Aim of the task>
With pictures excluded, repeat exactly the lines from the one containing "Eurodib USA AC00005" through the last line of the material below.

Recorded information>
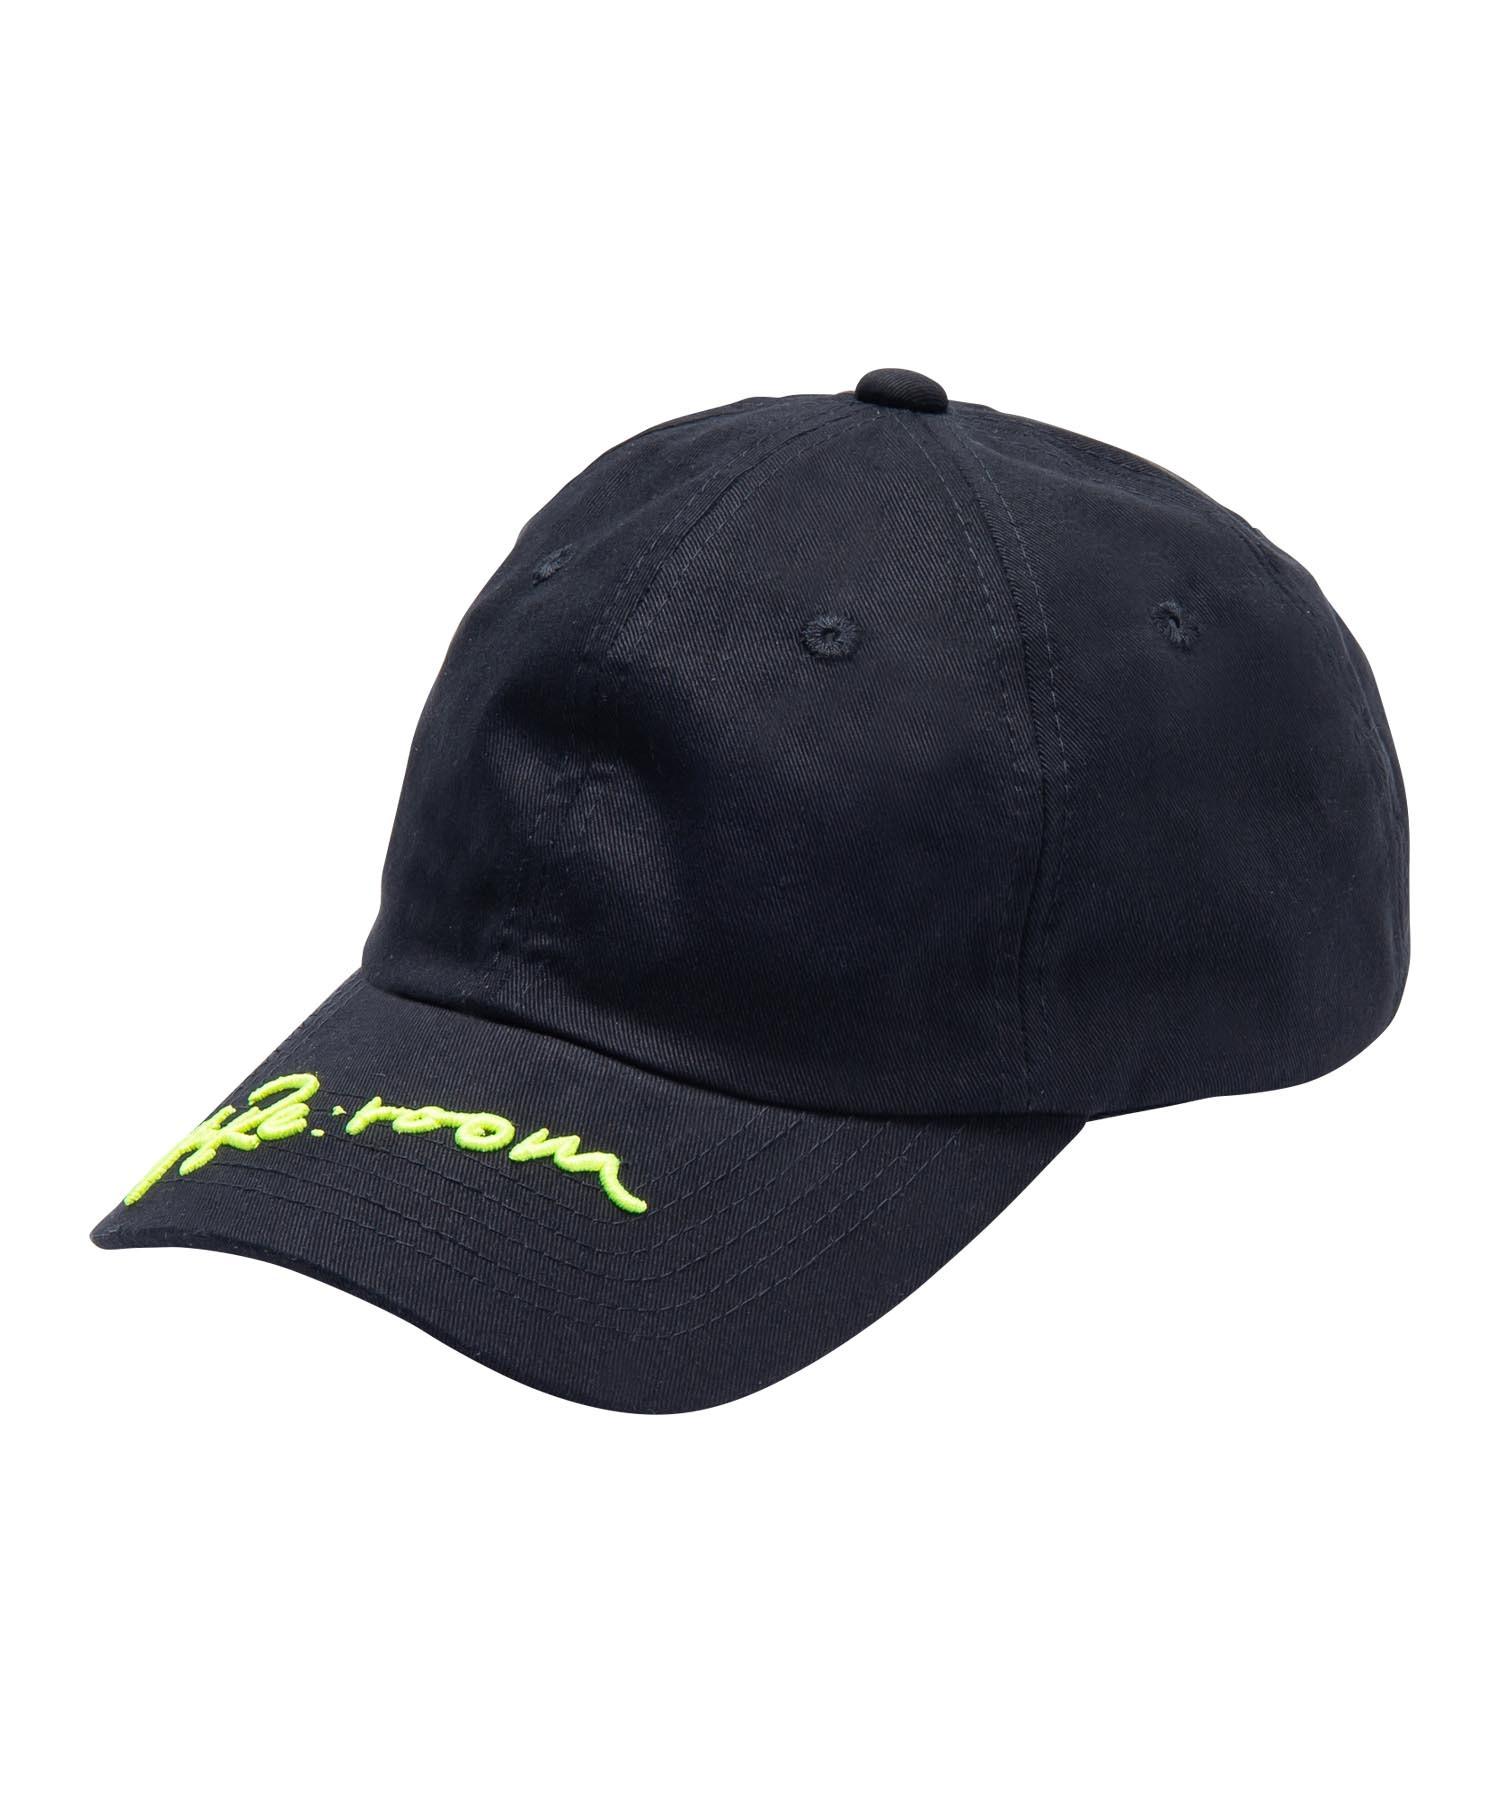 EMBROIDERY VISOR 3D LOGO TWILL CAP[REH090]
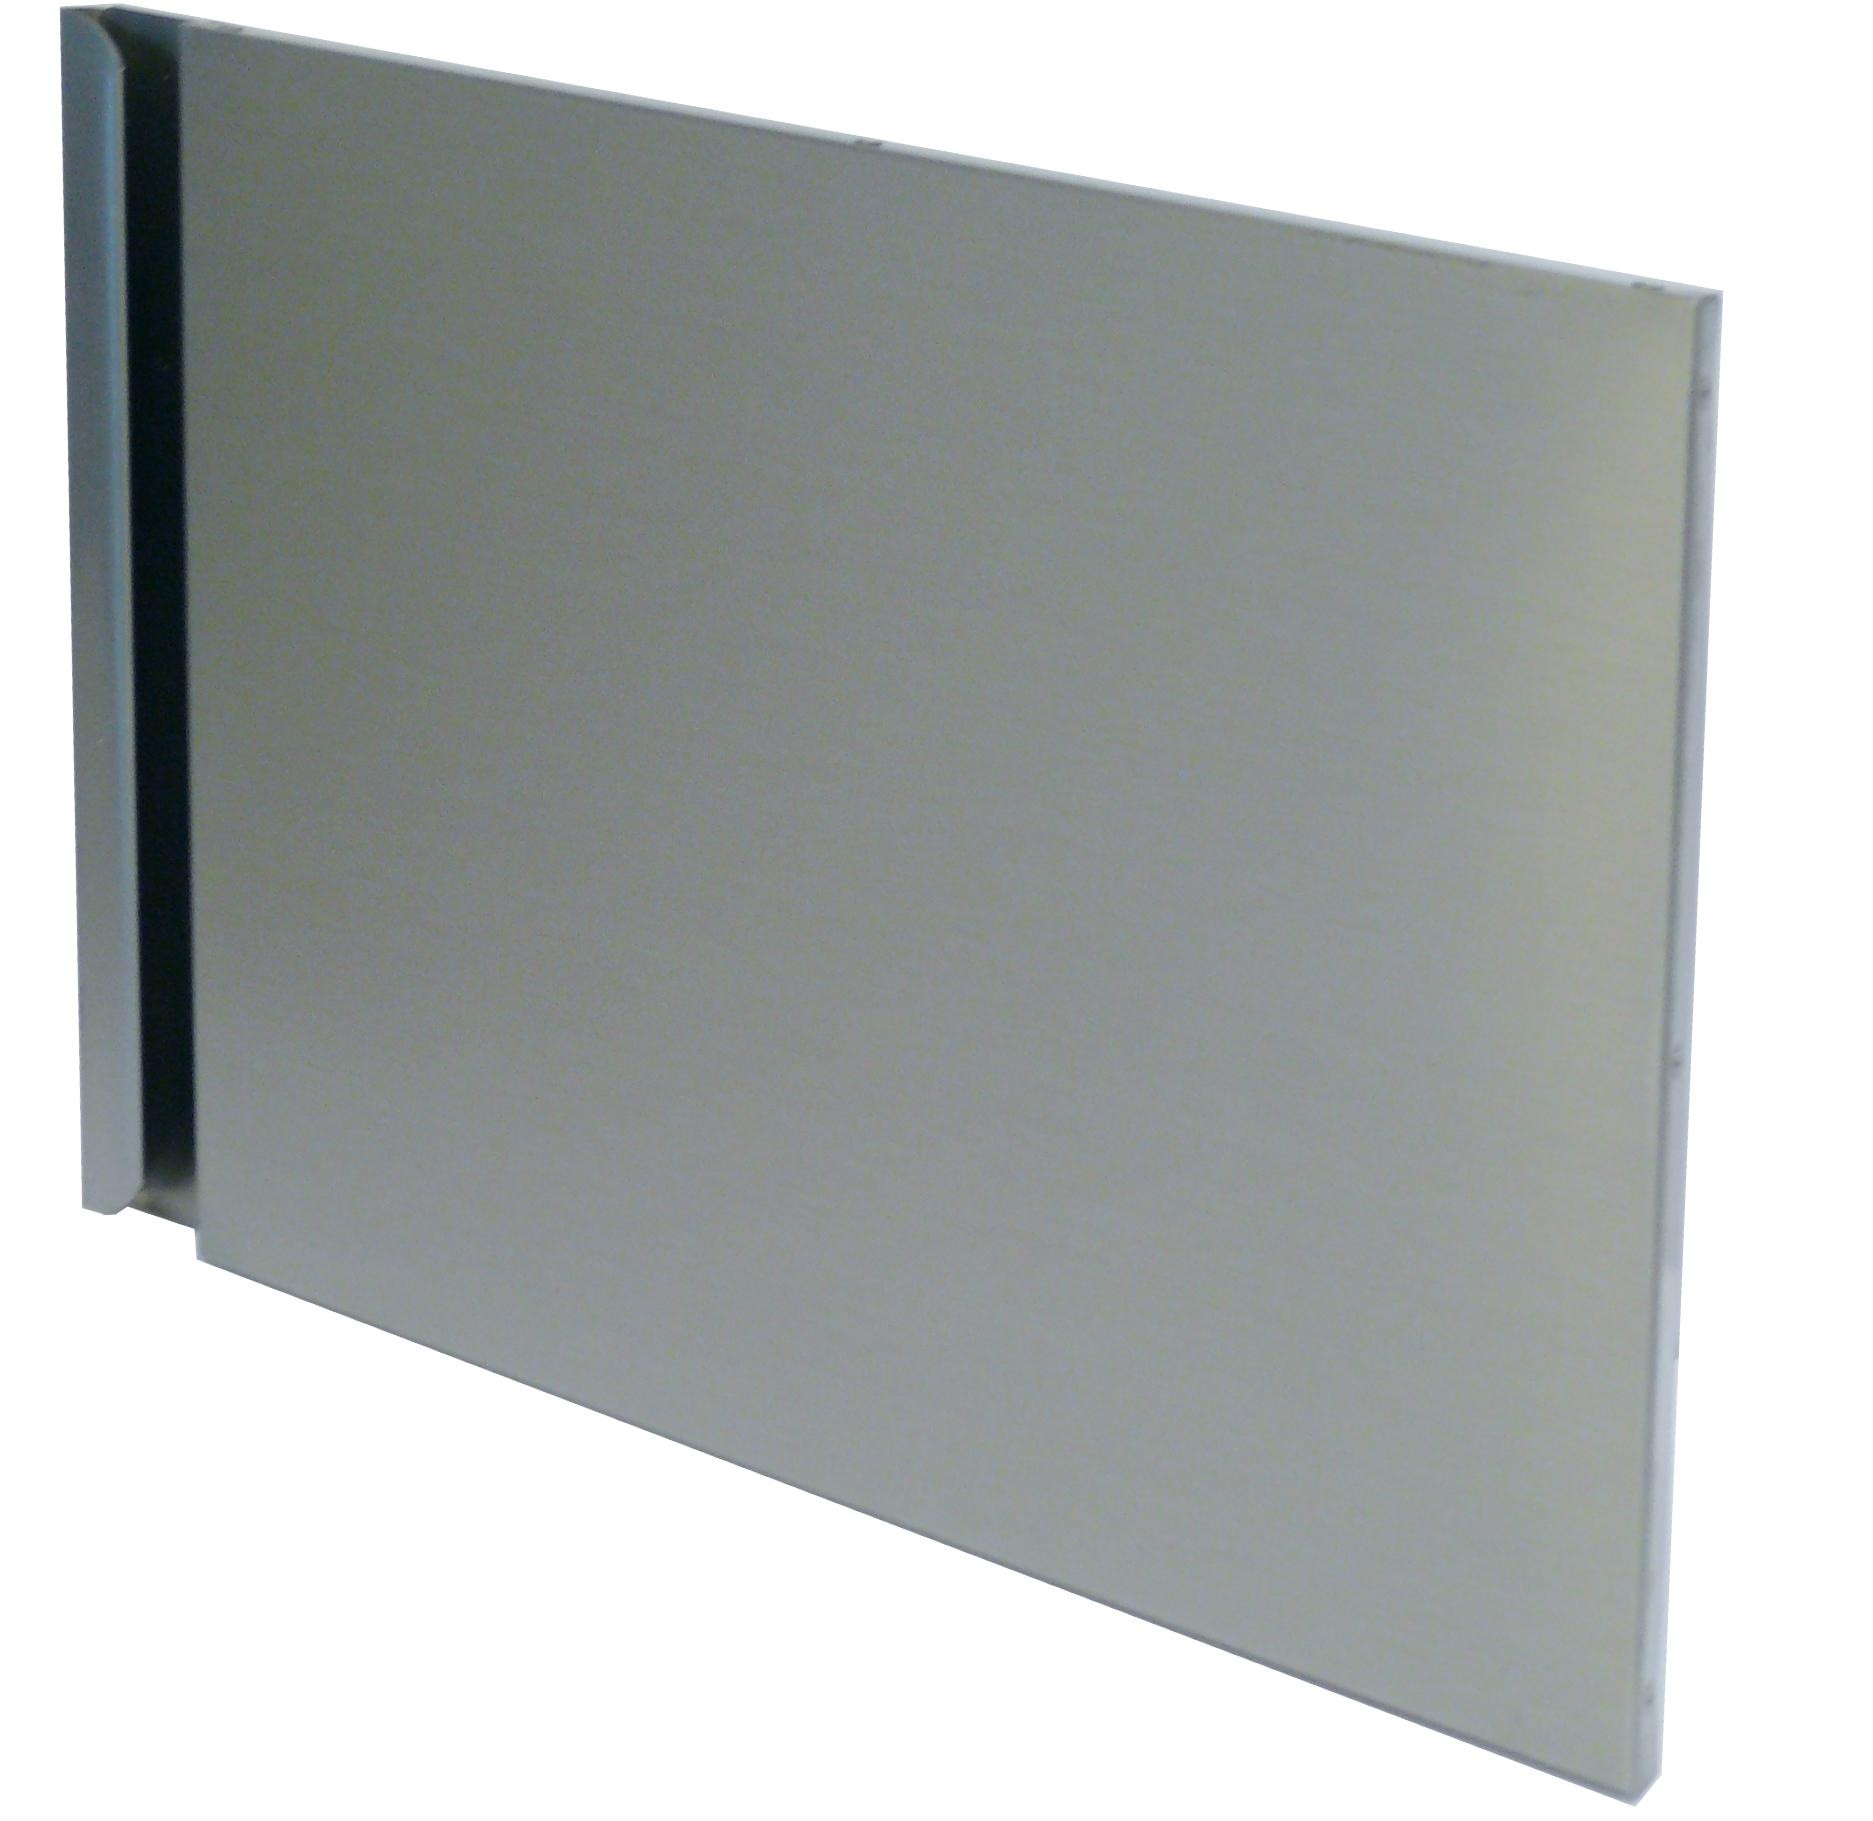 Eurodib USA AC00005 commercial dishwashers & glasswashers - accessories
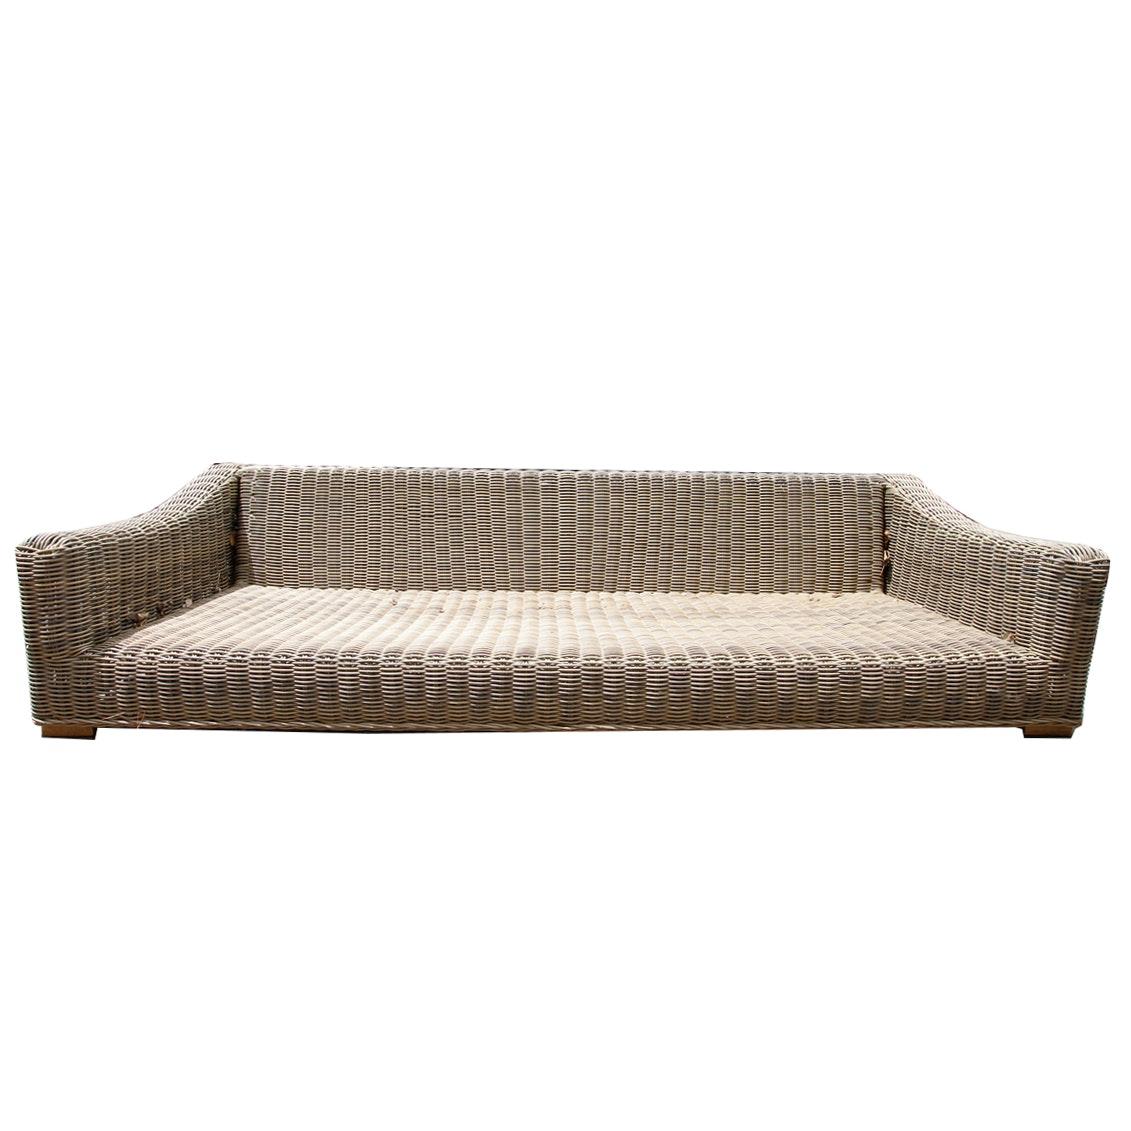 Restoration Hardware Wicker Outdoor Sofa

Answer section>
 Eurodib USA AC00005 commercial dishwashers & glasswashers - accessories
 Restoration Hardware Wicker Outdoor Sofa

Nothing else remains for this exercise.